The mechanism underlying increased EAT with IVT recurrence remains unclear. Several key mechanisms may explain these findings. First, the increased EAT is associated with conduction delay and interatrial block [28]. An increased EAT is related to a widened and fragmented QRS, which indicates slow ventricular conduction or hypertrophy [29]. EAT may contribute to the development of IVT by triggering an increase in activity and re-entry mechanisms [9]. Second, EAT could secrete various substances that affect the electrophysiology of cardiomyocytes by modulating ion currents, or electrical coupling [30]. Excessive EAT-derived fatty acids can be taken up by cardiomyocytes and lead to ectopic myocardial lipid accumulation [31]. Adipocytes of EAT can secrete adipokines, and adipokine infiltration can cause electrical remodeling of cardiomyocytes and promote myocardial fibrosis [32]. The infarcted myocardium can also be infiltrated by lipoma metaplasia, which may increase scar formation [33]. Furthermore, EAT is a transmitter of the deleterious effects of inflammation and metabolic disturbances on the cardiac [27]. The increased size and number of adipocytes in the accumulated EAT, may ultimately lead to increased secretion of pro-inflammatory cytokines and down-regulation of the secretion of anti-inflammatory factors [34]. High levels of inflammatory cytokines could lead to cardiac remodeling and induce the development of arrhythmias [35]. In summary, the structural and paracrine crosstalk between EAT and cardiomyocytes promotes IVT.

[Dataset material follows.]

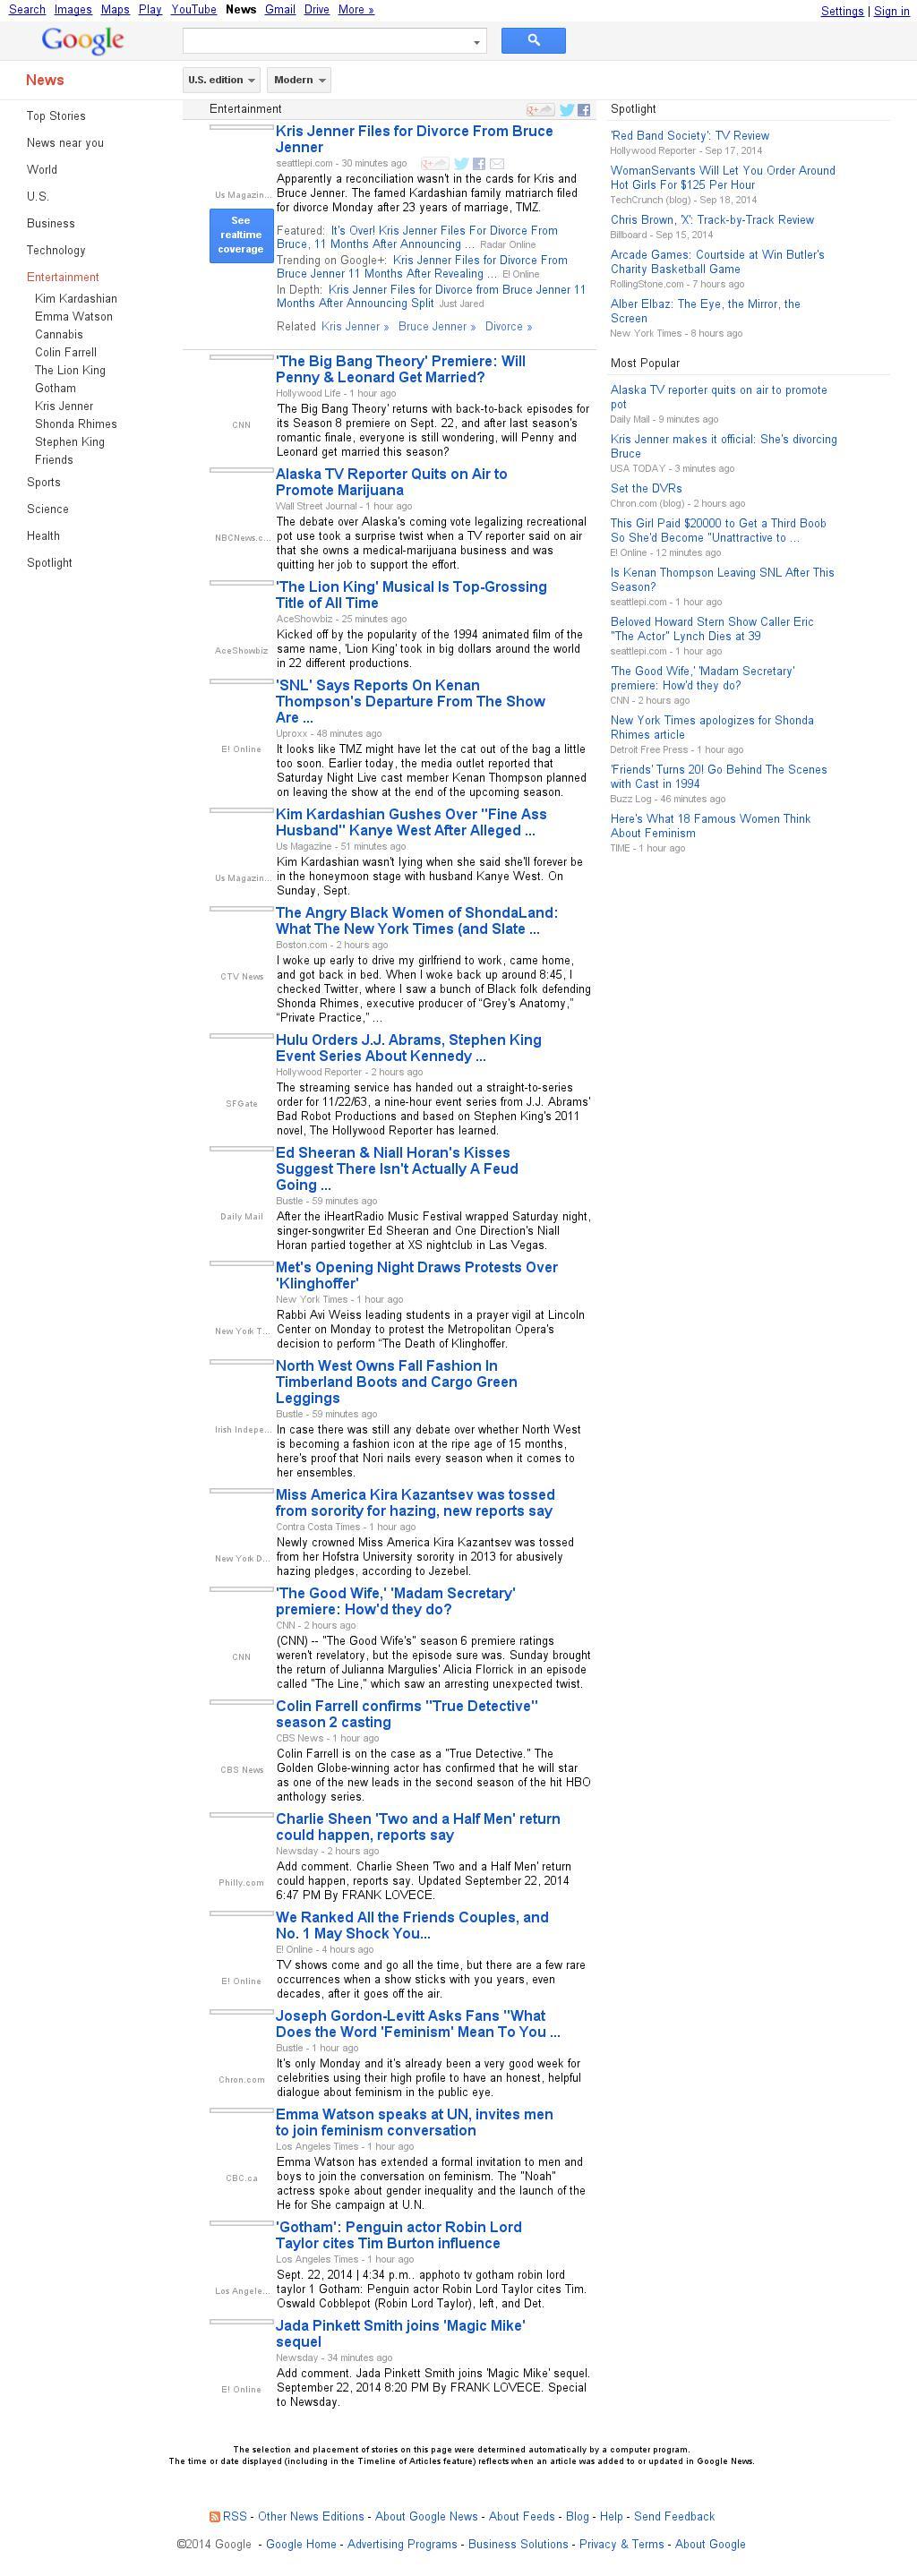 Google News: Entertainment at Tuesday Sept. 23, 2014, 1:08 a.m. UTC
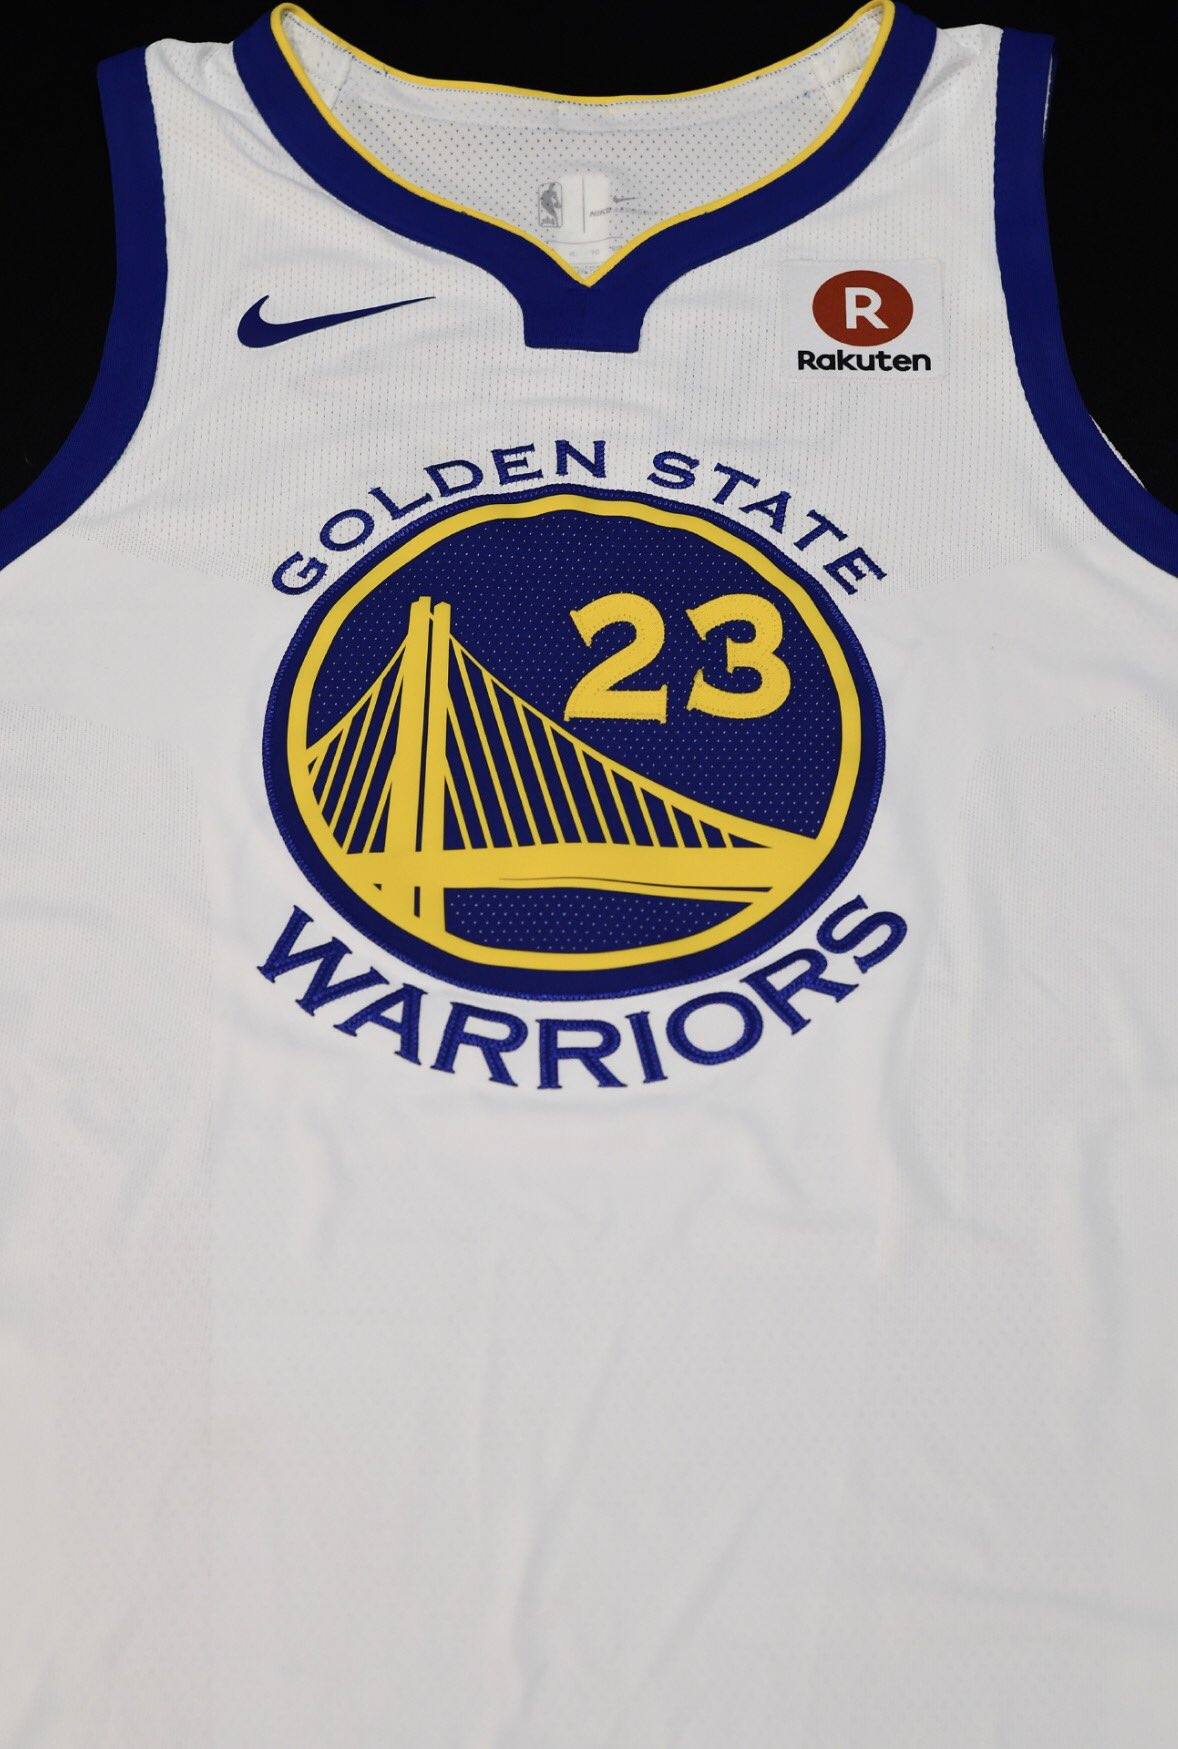 Rakuten devient le sponsor maillot des Golden State Warriors

Previous studies have shown that non-contrast CT can be used to quantify EAT volume, avoiding the necessity of complex ECG-contrast acquisition. EAT volume by non-contrast CT measurements has consistently and reliably been correlated with contrast coronary CT angiography [10, 36]. Non-contrast CT has the advantages of convenience and reduced radiation dose and intensity, which is more applicable to the general population [11].